Escribir sobre la propia depresión es difícil. La depresión está en parte constituida por una voz «interior» despectiva que te acusa de autoindulgencia -no estás deprimido, sólo te compadecés de vos mismo, reaccioná- y es habitual que esta voz se dispare al hacer pública la enfermedad. Por supuesto, esta voz no es una voz «interior» en absoluto: es la expresión interiorizada de fuerzas sociales reales, algunas de las cuales tienen un gran interés en negar cualquier conexión entre la depresión y la política.
Una de las tácticas más exitosas de la clase dominante es la responsabilización: cada miembro de la clase subordinada es alentado a sentir que su pobreza, falta de oportunidades o desempleo es culpa suya y sólo suya.
Mi depresión siempre estuvo ligada a la convicción de que, literalmente, no servía para nada. Pasé la mayor parte de mi vida, hasta los treinta años, creyendo que nunca trabajaría. Entre los veinte y los treinta alterné estudios de posgrado, periodos de desempleo y trabajos temporales.
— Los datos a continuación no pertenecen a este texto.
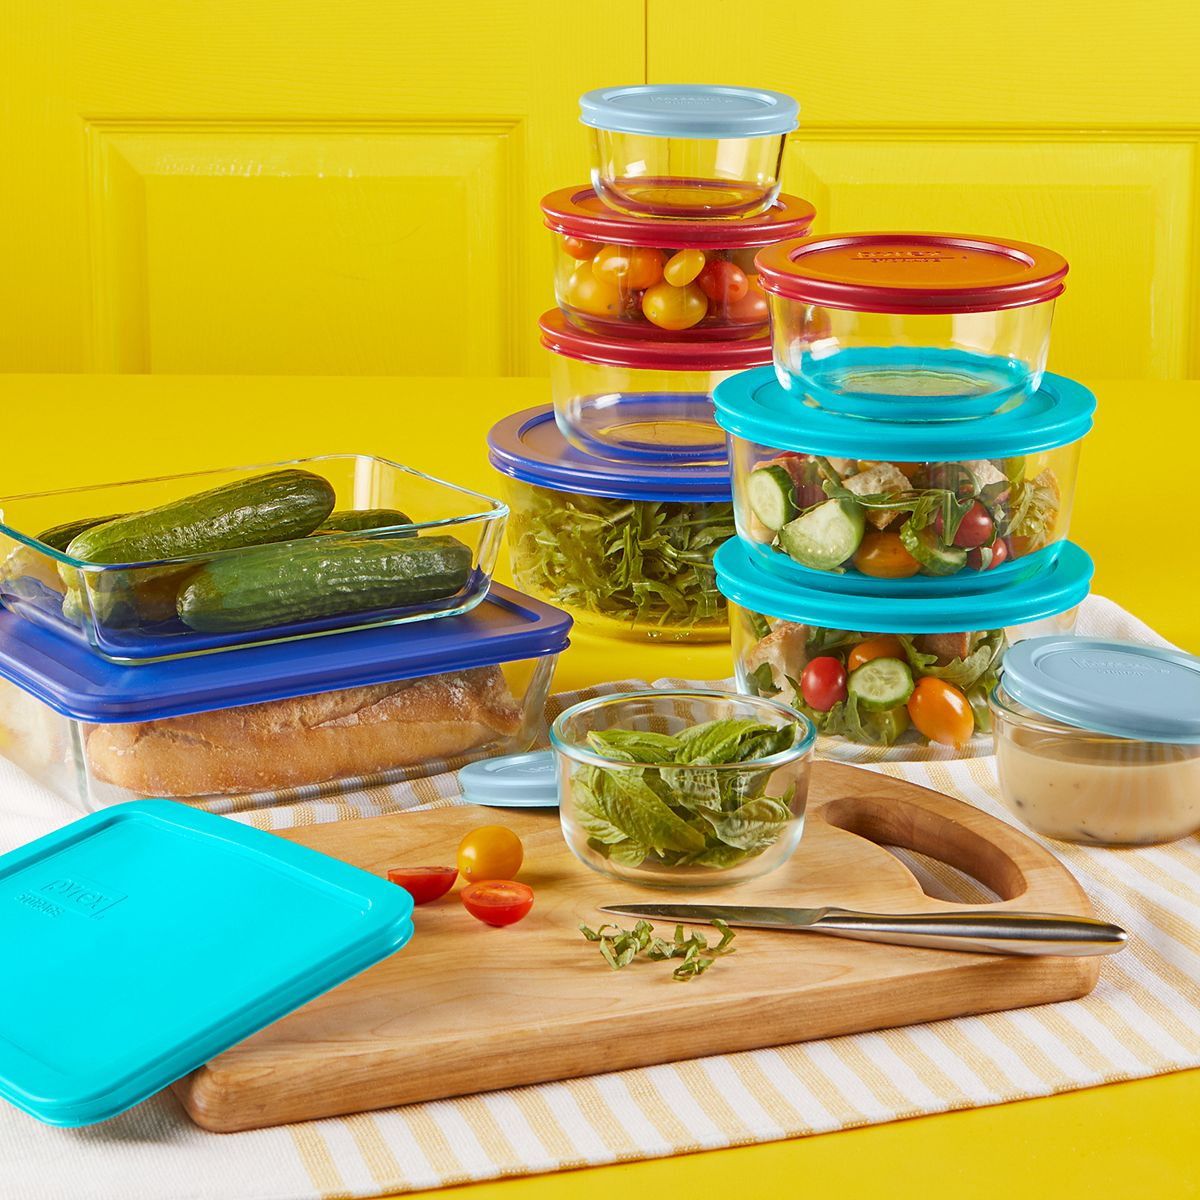 Pyrex 22-pc. Glass Food Storage Set $29.99

En cada uno de estos momentos, sentí que de verdad estaba fuera de lugar: en los estudios de posgrado, porque era un diletante que de alguna manera había fingido su carrera, no un verdadero erudito; en el desempleo, porque no estaba realmente desempleado, como los que buscaban trabajo de modo honesto, sino que era un vago; y en empleos temporales, porque me sentía incompetente y, en cualquier caso, no encajaba en esas tareas de oficina o de fábrica, no porque fuera «demasiado bueno» para ellas, sino -muy al contrario- porque estaba sobre-educado y resultaba un inútil, ocupando el puesto de alguien que lo necesitaba y lo merecía más que yo. Incluso cuando estaba en un hospital psiquiátrico, sentía que no estaba deprimido, sino que sólo simulaba la enfermedad para evitar el trabajo o, en la lógica infernalmente paradójica de la depresión, la simulaba para ocultar que no era capaz de trabajar y que no había lugar para mí en la sociedad.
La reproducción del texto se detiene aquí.